* WORK TASK
Set down the full listing below word for word; pictures stay out of the copy.

* PROVIDED DATA

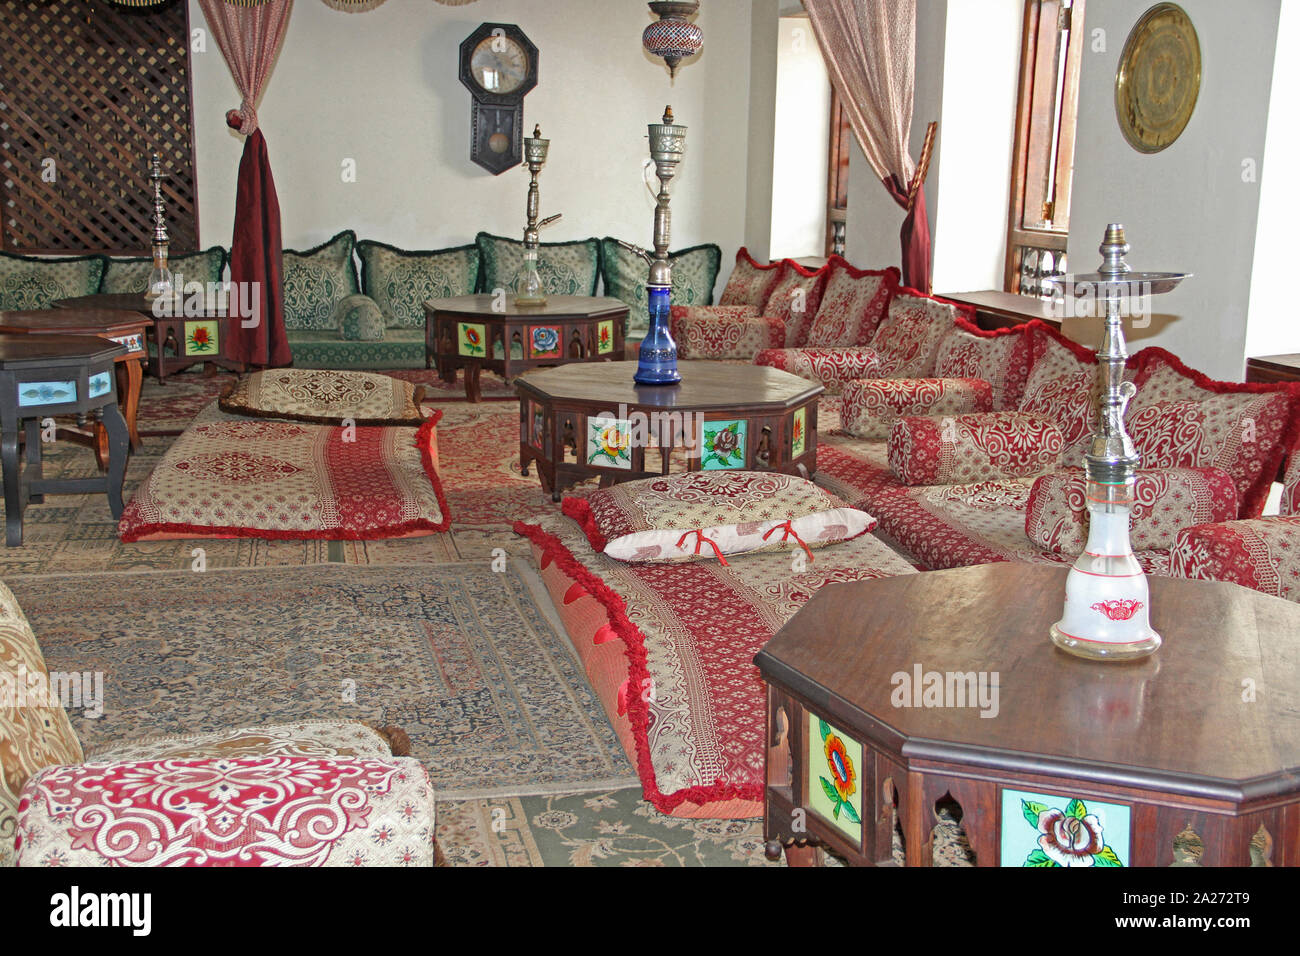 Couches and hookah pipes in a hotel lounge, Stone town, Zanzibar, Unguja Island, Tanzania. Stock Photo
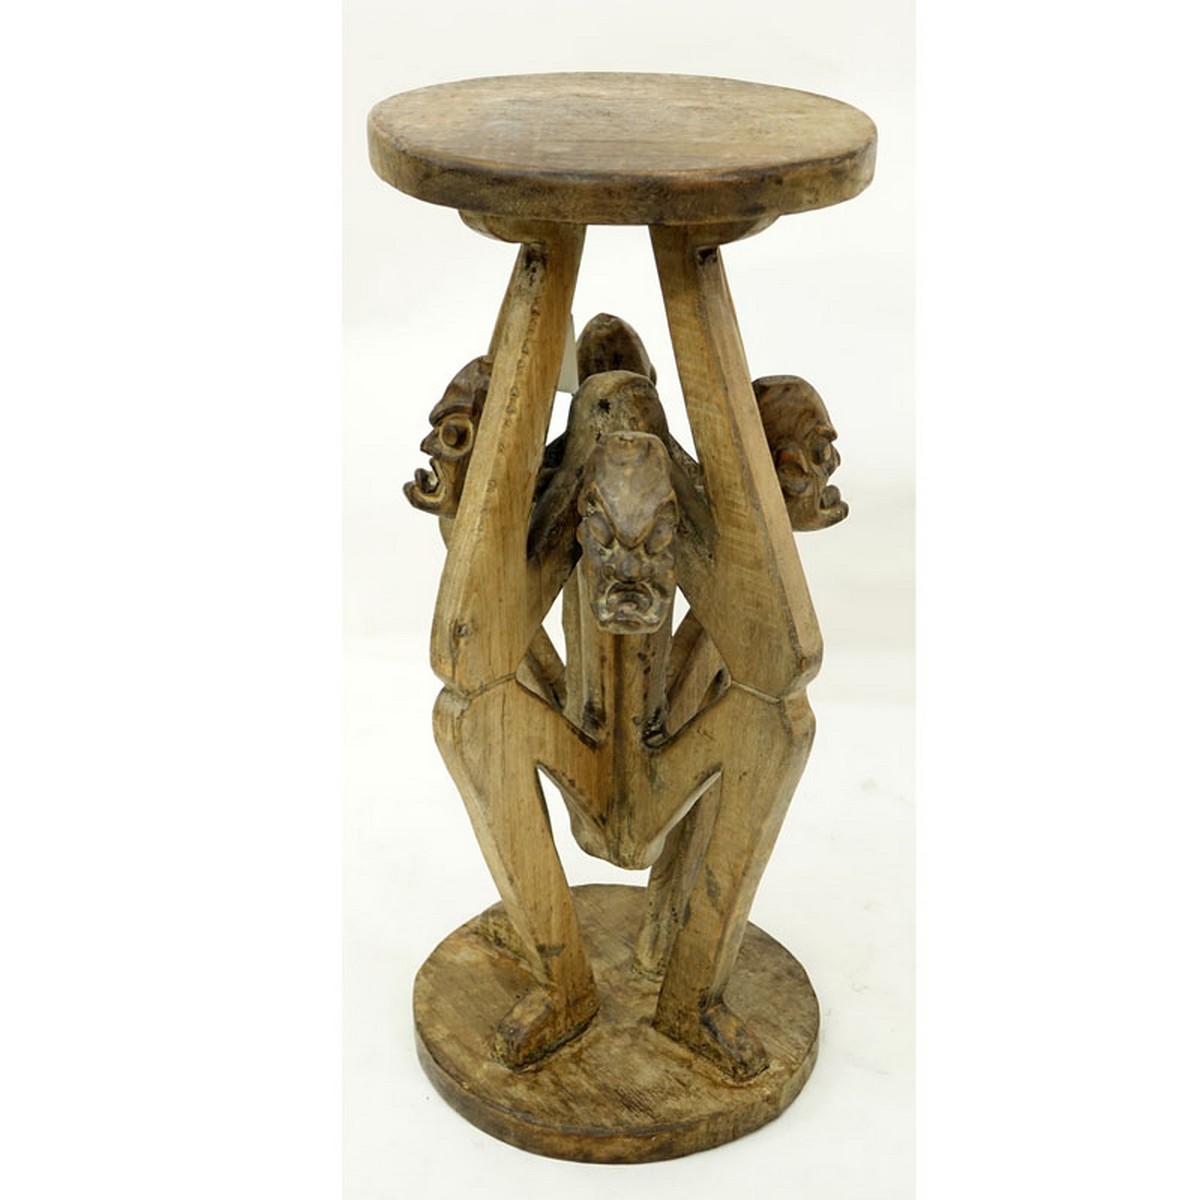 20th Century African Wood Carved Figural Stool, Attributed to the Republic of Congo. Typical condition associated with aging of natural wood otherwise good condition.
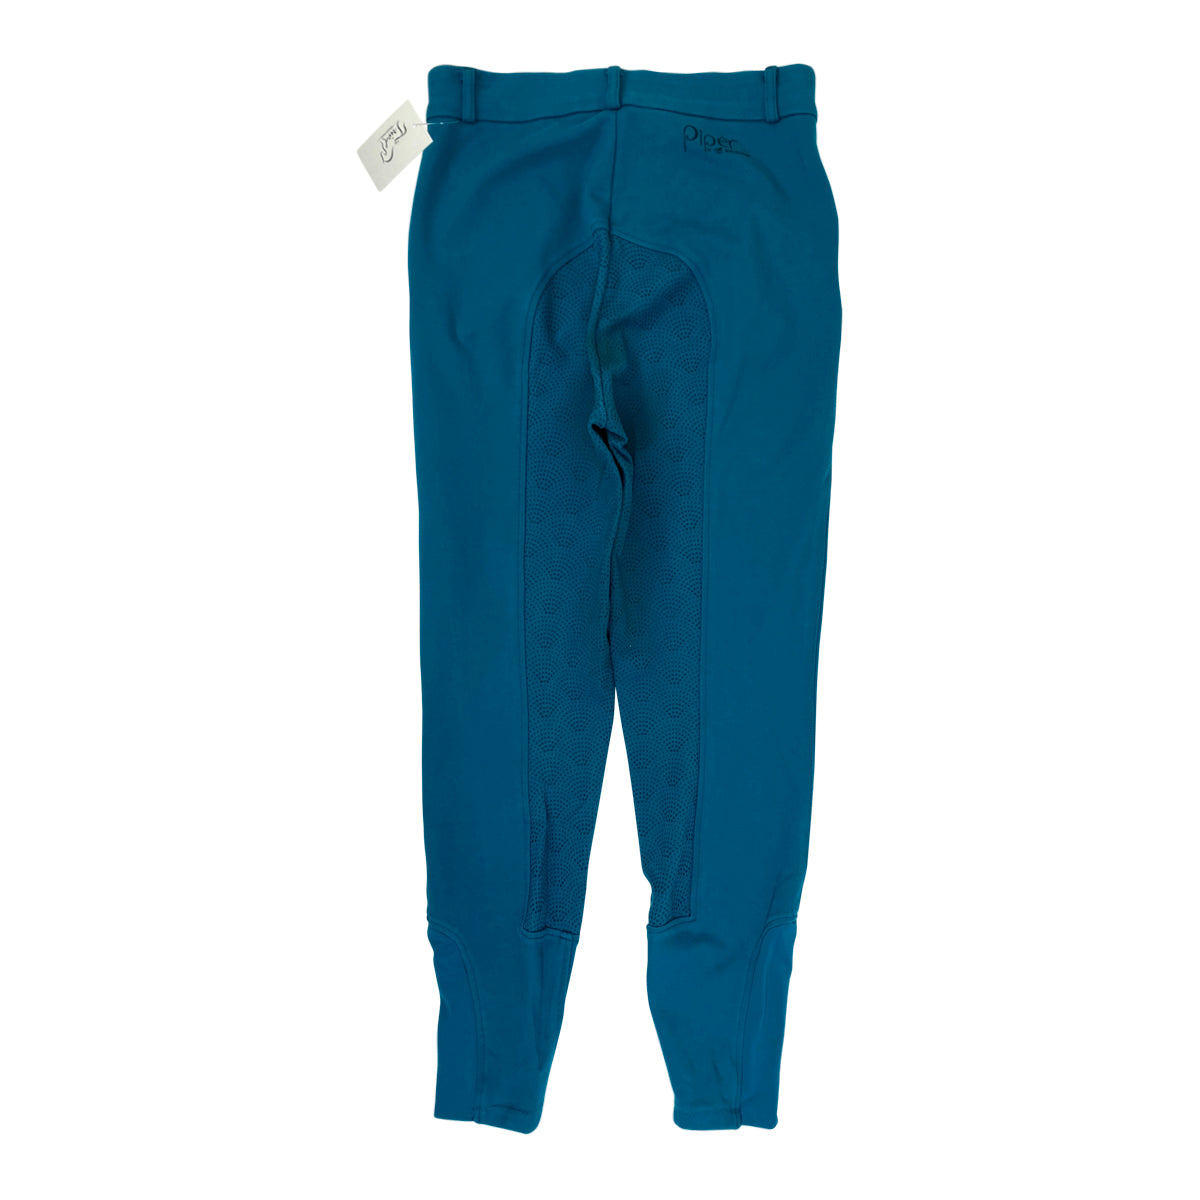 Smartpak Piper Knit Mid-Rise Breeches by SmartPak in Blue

* RESULT FOR THIS EXERCISE
 Couches and hookah pipes in a hotel lounge, Stone town, Zanzibar, Unguja Island, Tanzania. Stock Photo
 20th Century African Wood Carved Figural Stool, Attributed to the Republic of Congo. Typical condition associated with aging of natural wood otherwise good condition.
 Smartpak Piper Knit Mid-Rise Breeches by SmartPak in Blue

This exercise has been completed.